Mark Penn’s Outlier Poll, Diplomacy Works

“But like a Ginzu-knife salesman, with Penn “wait…there’s more!” One question asked Americans if sanctions, not nuclear-related sanctions, should be reimposed, to which 68 percent of respondents answered “Yes, Congress should impose sanctions on Iran.” The question makes no mention of the fact that reimposing nuclear sanctions absent evidence of non-compliance would constitute a violation of the nuclear agreement or any of the potential consequences of such action, which would be relevant to know when making that recommendation. In foreign policy, words matter. Context matters. The same is true in polling. Penn isn’t expected to know everything about foreign policy, but it’d be nice if he showed he knew more about polling.”

To Escape Indictment, Netanyahu and His Accomplices Assault the Law, Haaretz

Chemi Shalev argues, “Perhaps the efforts to change the law will be suspended for now, but not for long. The tighter the noose around Netanyahu’s neck, the more daring and reckless his rescue efforts become. When public opinion is apathetic, the Knesset is a rubber stamp and the prime minister views himself as an agent of history whose rivals are trying to bring him down with false accusations of what he views as trivial misdemeanors, the inconceivable becomes possible.  “How the faithful city has become a harlot!” Isaiah lamented, but “Zion will be redeemed by justice” he consoled. Unless, of course, Netanyahu and his parliamentary guns-for-hire get there first.”

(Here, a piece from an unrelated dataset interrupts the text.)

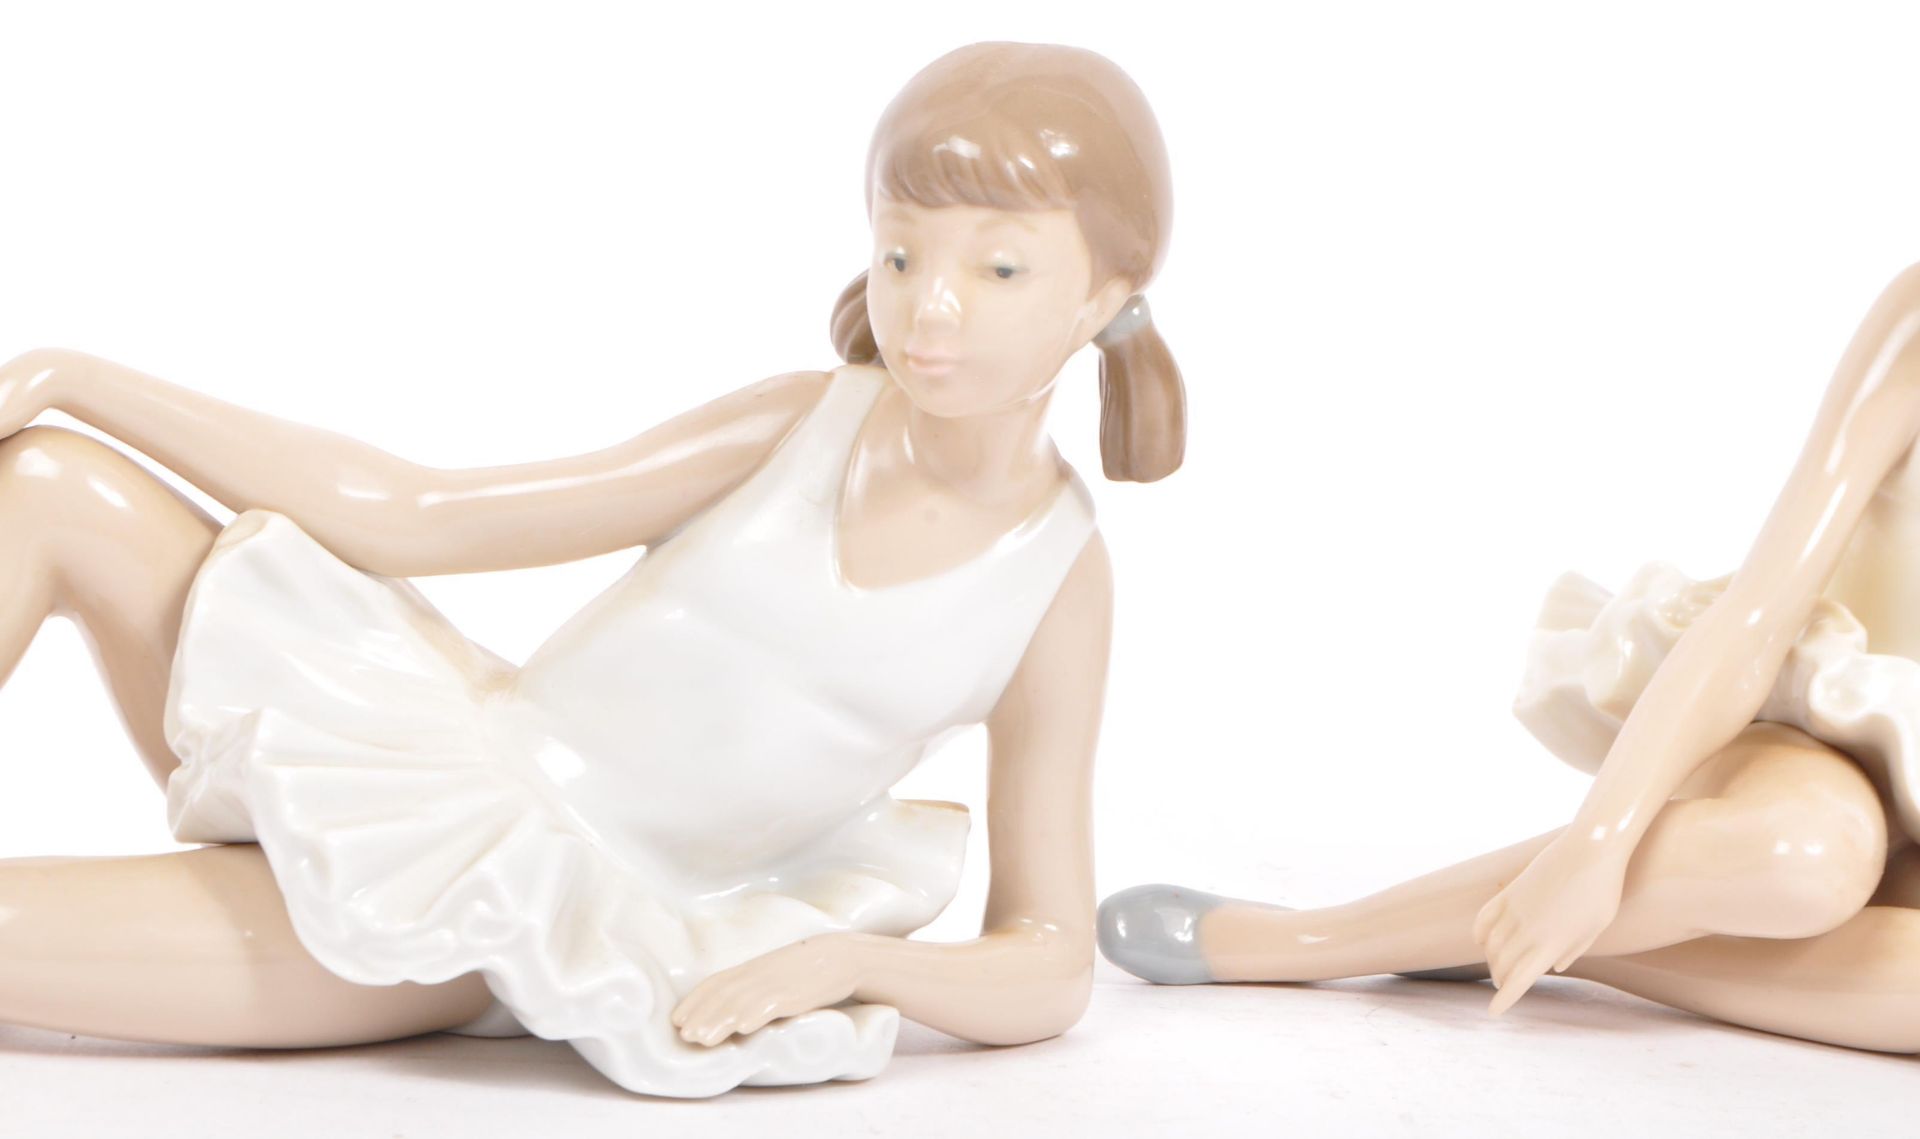 COLLECTION OF NAO PORCELAIN BALLERINA FIGURINES - Image 7 of 8
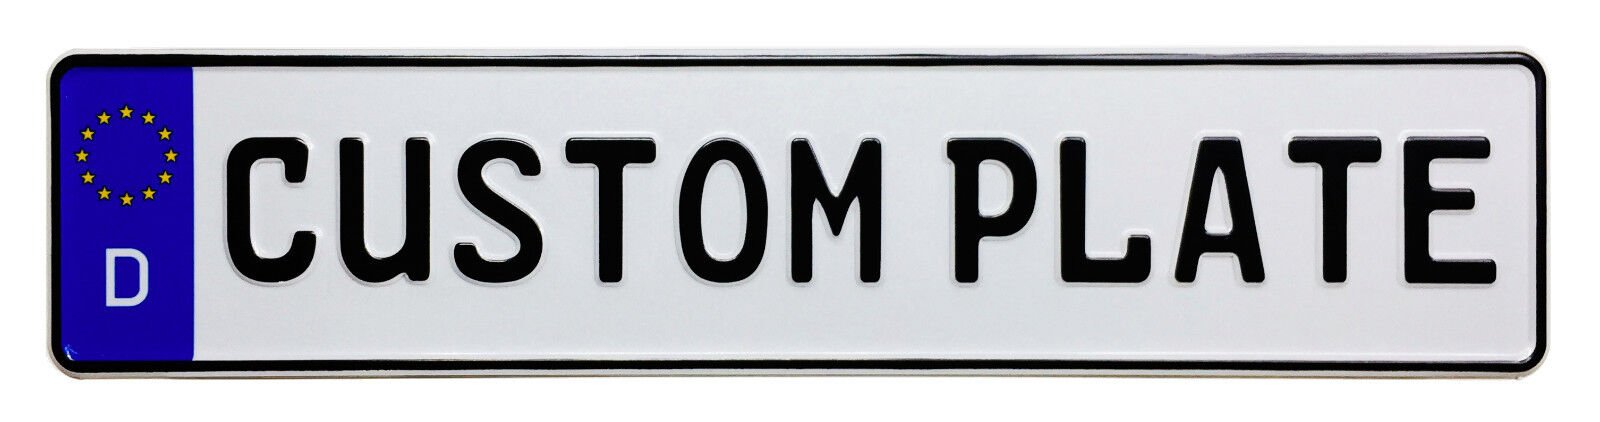 Custom German License Plate with Small Font - Fits 11 characters

The Moves of a Desperate Man, The American Prospect

Gershom Gorenberg writes, “Inside the Likud, Netanyahu has a free hand. But his coalition includes two parties of the hard right and another of the center-right, all led by former allies. Each would like to pick up votes at the Likud’s expense. Each wants to stay in government a little longer, to rack up some achievements to show the voters. Each fears that staying with Netanyahu too long could stain the right as a whole. They are looking for the perfect moment to cut loose. Put differently, Netanyahu has none of the protections of the rigid American system. A coalition can come up apart at any moment. Netanyahu is not yet finished. But he is scared, and flailing, and behaving like a man who would do anything to keep the evidence and the law from catching up with him.”